住まいを舞台として家庭生活を総合的に考える
                     西村 一朗(平安女学院大学・教授、
                      NPO法人地域支援研究フォーラムなら)

はじめに―問題意識―
 家庭科の教科書(例えば高校)を一例としてみてみると、家庭生活―衣食住、家族生活等―を扱ったところでは、家族生活は別扱いで、衣食住に関しては、「食」「衣」「住」の順になっており、かつそれぞれのページ数が、実習のありなしもあるが、やはりこの順である。これだと、日本史で明治以降の近代、現代まで到達しない場合がしばしばなのと同じく住に到達しないうちに家庭科が終わってしまうのでは、と心配になる。
 そこで、住まいを舞台と考え、その上で「衣食住、家族生活」のドラマが展開していると捉える方法がないのかな、と考えてみた。

住まい舞台と食生活
 食の流れを考えると、農山漁村で食材が採れ、それらが流通経路を経て住まいに至る。(食物のことを考える場合、何処でそれらが採れるか―自然農業や有機農業をどう考えるか・・・―、どう身近に到達するか考えさせるのも大事)それらの食材は、住まいでは先ず「貯蔵」される。冷蔵庫・冷凍庫といった貯蔵設備が一般化しているが、「食品庫」、食品置き場という空間も必要と考えられる。例えば、地産地消で、泥付き大根などは何処に置いたらよいか。一度に買いだめるジャガイモや玉葱等は何処におくのか。土間空間が、段々少なくなっている住まいを考え直すいいチャンスではないか。
 次に冷蔵庫や冷凍庫であるが、「貯めて捨てる」のではなく、無駄なく食材を使い切る工夫も必要なのではないか。食材を調理する台所であるが、一人で効率よく台所作業が出来る、といった人間工学的取り組みも大事だが、今後は、親子が肩を並べたり、夫婦が肩を並べたり、友人同士が肩を並べて調理できる台所が必要なのではないか。
 配膳し、食べる場面だが、最近「早寝、早起き、朝ごはん」などと言って朝ごはんを食べようという運動もあるようだが、少なくとも日に一回位は、家族そろって食べる機会を設けるべきだろう。これは、食生活の問題であるとともに家族関係の問題でもある。
 そして、後片付けであるが、これは家族全員で取り組む問題ではないか。これは、家庭生活でも行為の切れ目はきちんとすることでもある。残った食物は、どうするのか、単に捨てるのか、「コンポスト」などに回して有機肥料とするのか、何処でそれをするのか、舞台装置を考えねばなるまい。
(どういう食品を食べたらよいか、栄養学的問題や、どう美味しく調理したらよいか、調理学的問題は、食固有の問題として教育すべきは論をまたない。)


住まい舞台と衣生活
 衣の住まい舞台での流れを考えると、何処に納めてあり、何処で着て、何処で脱いで、洗濯はどうするか。それらの洗濯前後の流れはどうか、などの問題があるだろう。下着を例に、拙宅での考え方を一例として述べてみる。
・二階に脱衣室=洗濯室・下着収納室、干し場・・・二階のベランダ中心、整理・・・二階の和室、収納・・・脱衣室、納戸(箪笥)
(繊維の質や、洗濯・洗浄のメカニズムは固有の問題であろう)


住まい舞台と家族生活
・子供部屋の問題・・・時期、設置の仕方(ドア・・・)、管理の仕方、
・子供の引きこもりの問題・・・家族での共同行動(家事手伝い)、居間・食堂への「匂い付け」


住まい舞台と福祉・高齢者生活
 住まい舞台での高齢者問題というと、「バリア・フリー化」の問題と思われがちであるが、高齢者が増え、住まいでの生活期間、時間も長くなってくると、住まいは、高齢者の福祉空間、療養空間としても捉える必要が出てきている。

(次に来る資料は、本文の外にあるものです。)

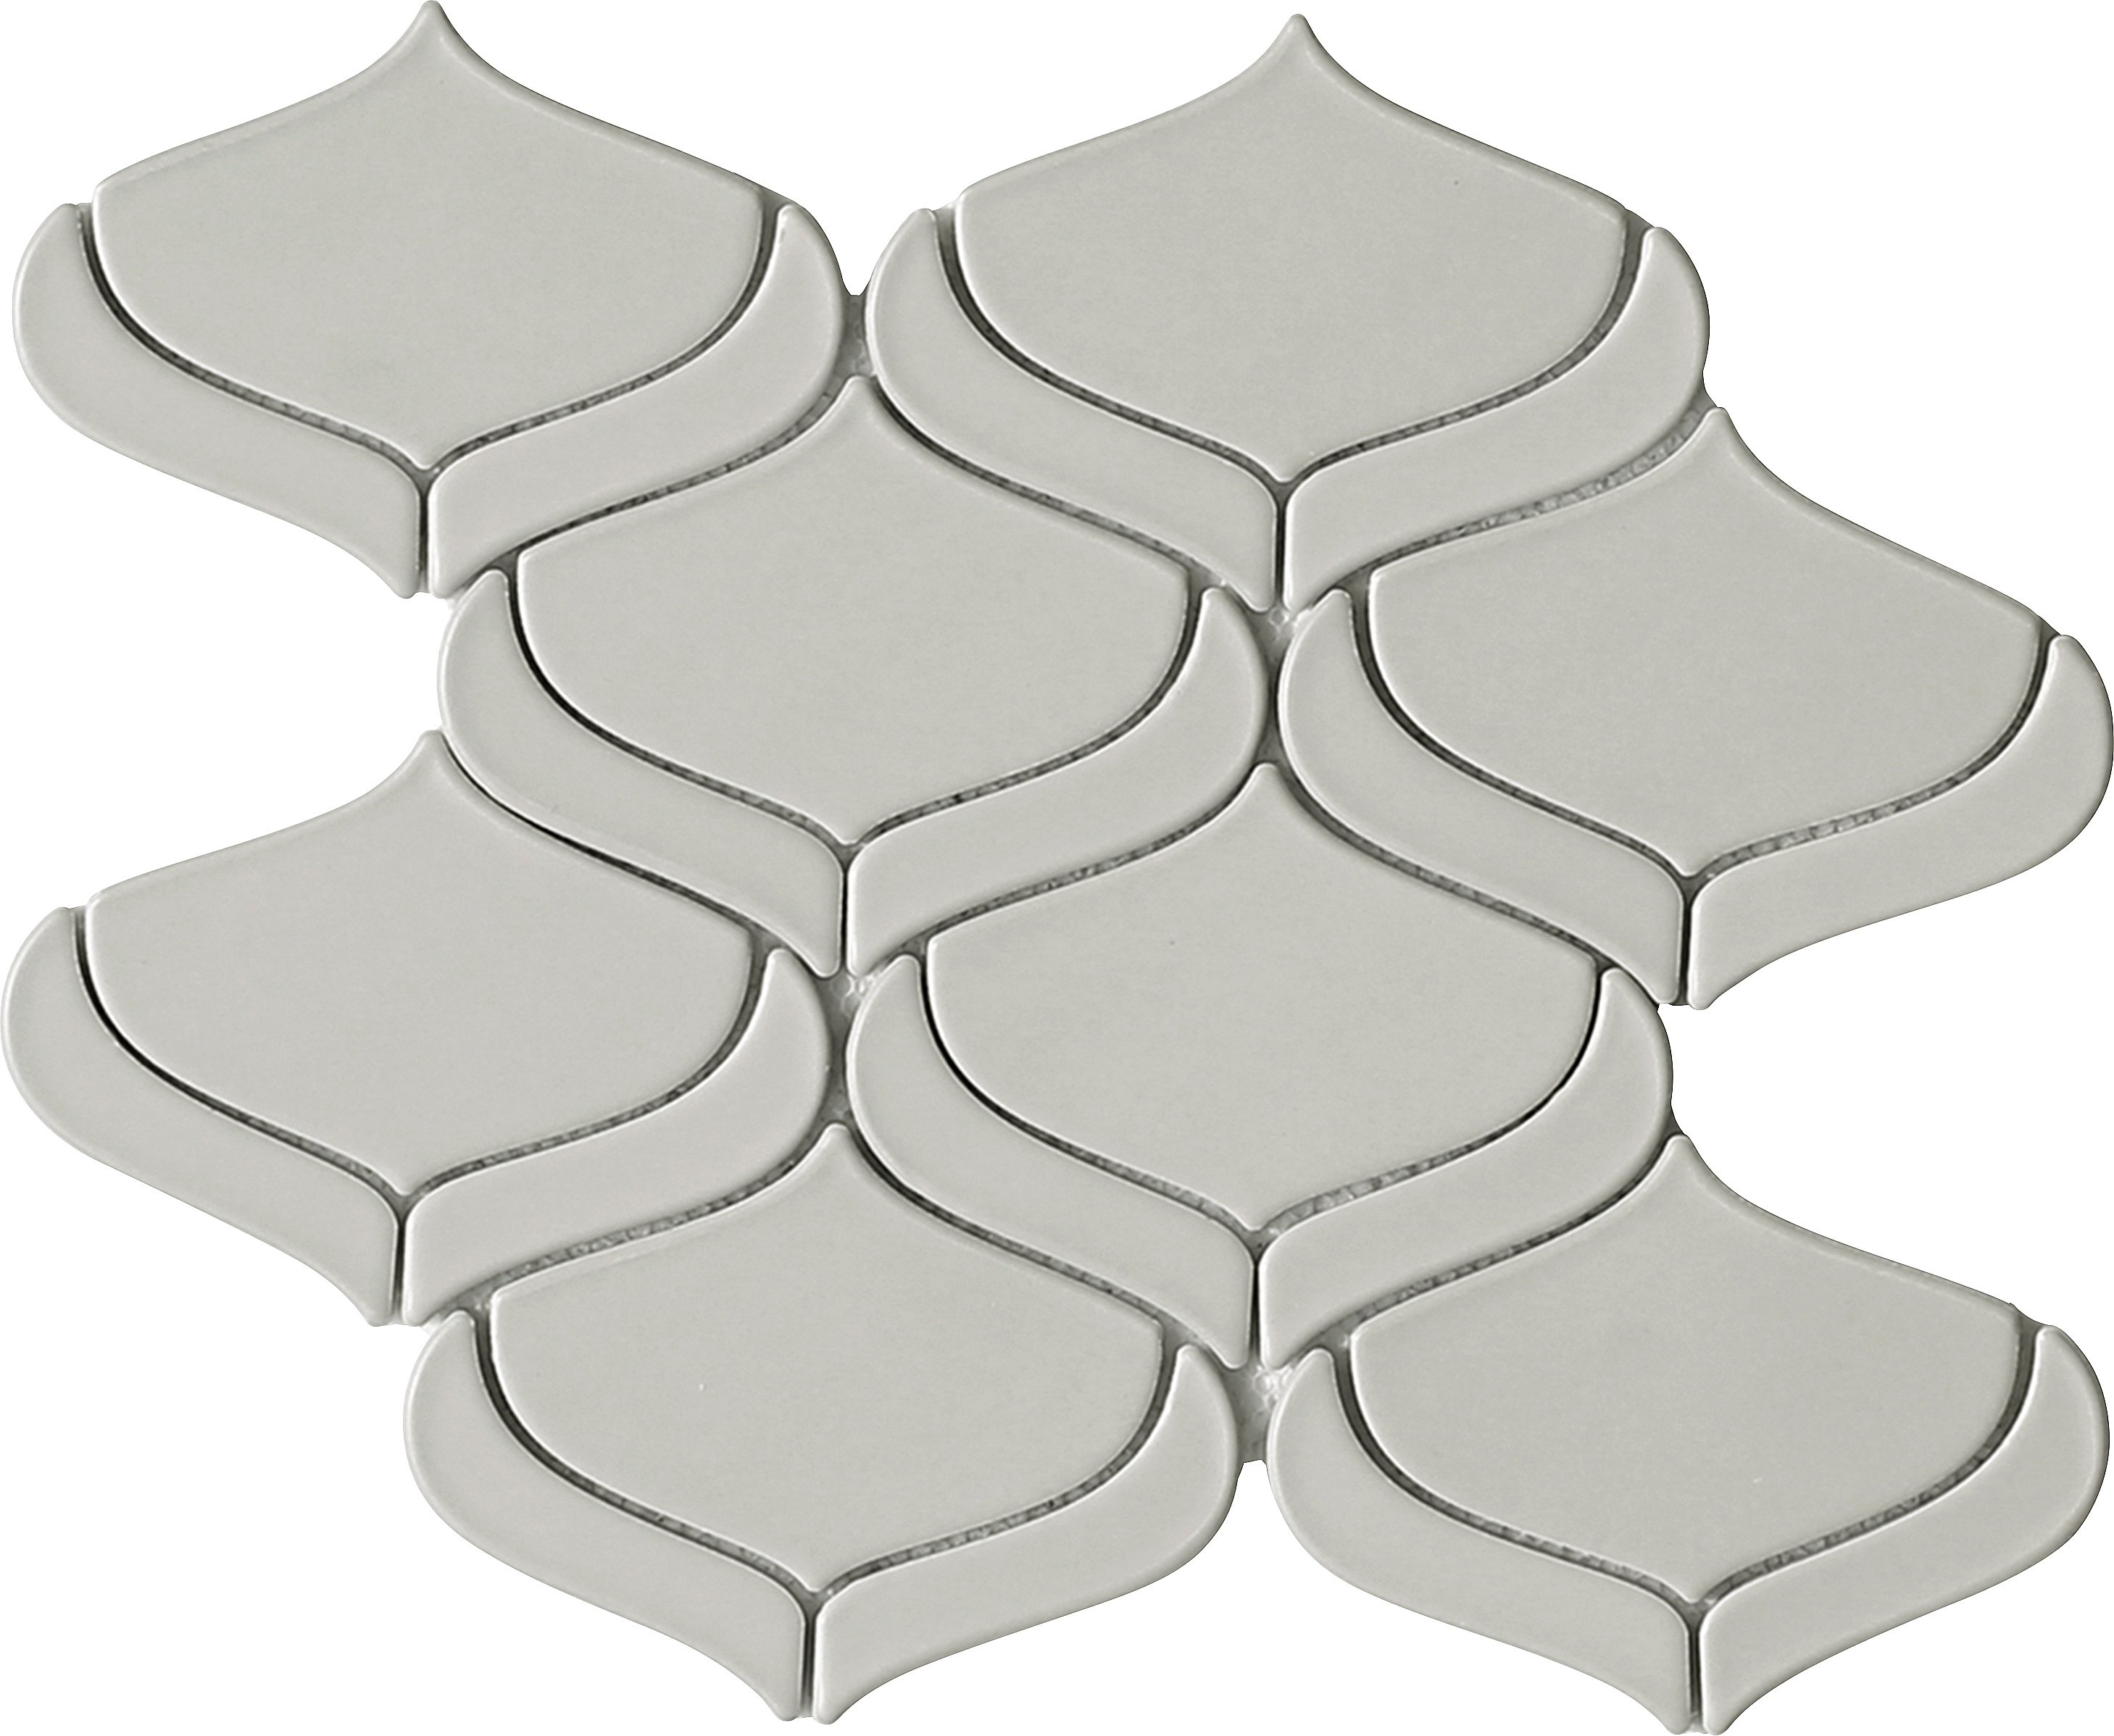 Emser Mythos Arabesque Gray ceramic mosaic tile 11x12 grey W94MYTSARGR1112MOV2 is an artistic mosaic wall tile. Emser Mythos mosaic tile is a Emser product.  Emser Mythos Ceramic mosaic tile collection comes in Arabesque, Petals and Curves mosaic design. 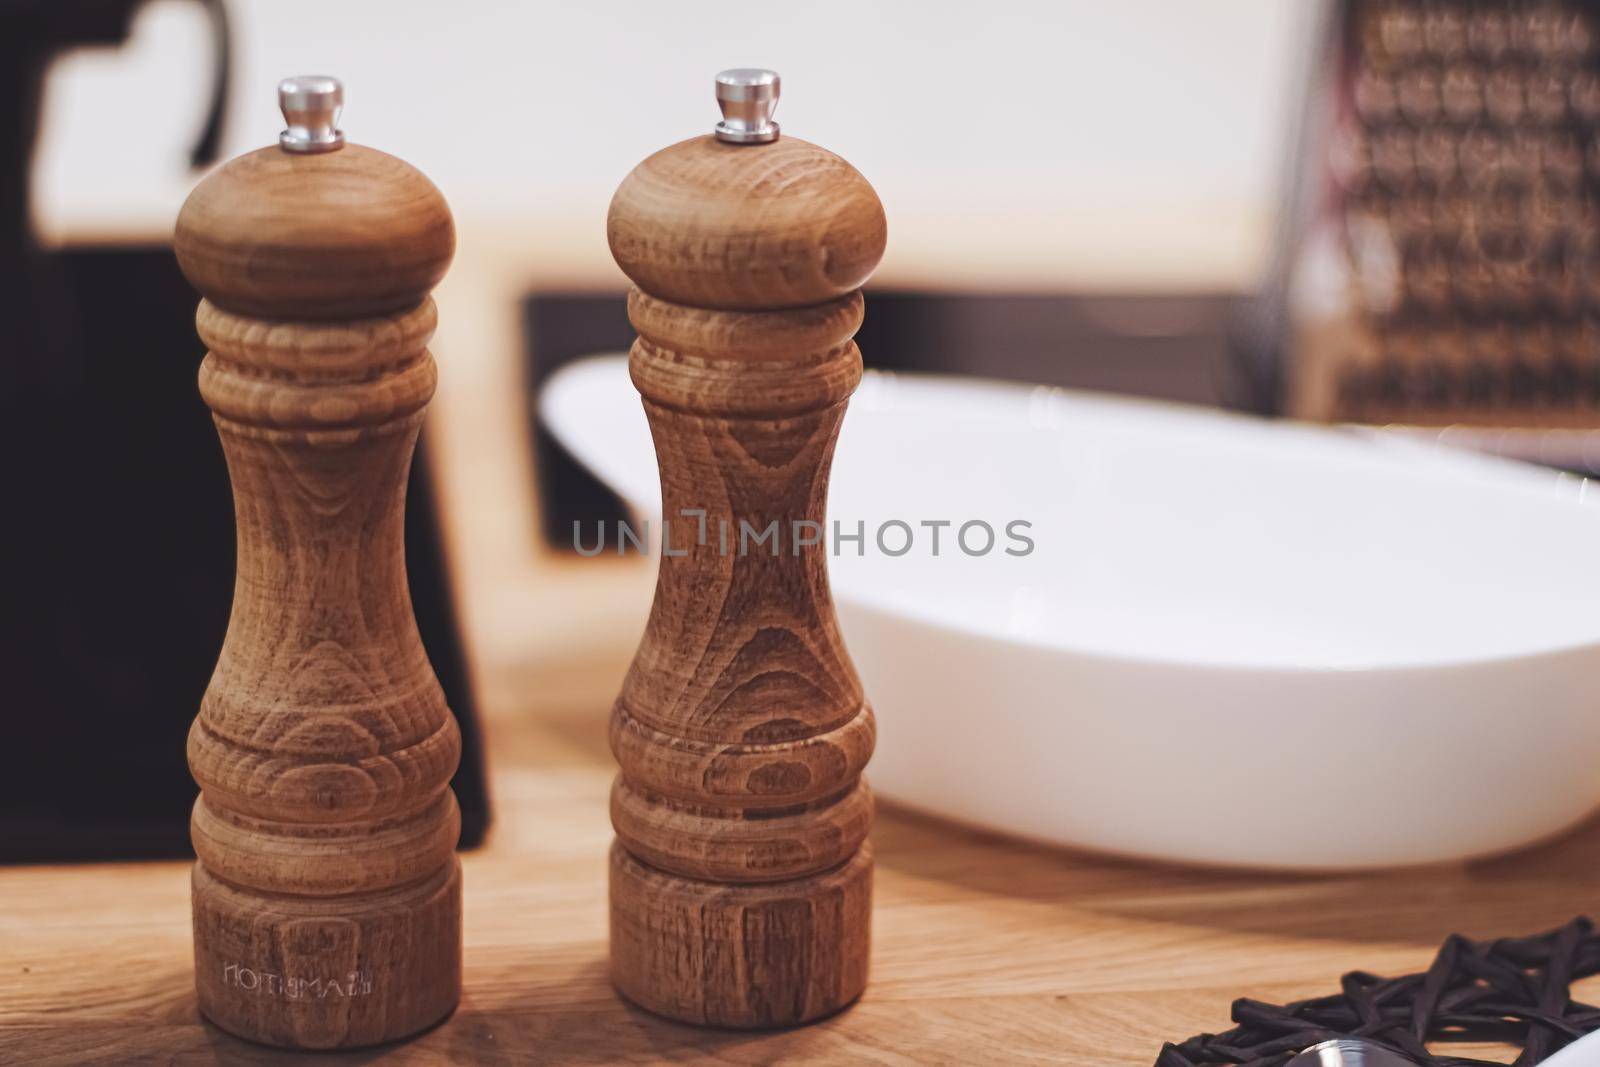 Wooden salt and pepper shaker set in the kitchen, eco-friendly product and home decor idea

・隠居ではなく「顕居」を、外との「つながり」の重要性・・・○自ら外出しやすいように、外との交流がしやすいように・・・、○医療関係者、福祉関係者がアプローチしやすいように、他の家族員の普通の生活ディスターブしないように・・・。


終わりに
 もう少しきめ細かく議論して、冊子(本)にまとめて発信するため、研究会を組織していこう。



研究会は、正式には12月以降立ち上がることになった。一石を投じた甲斐があった。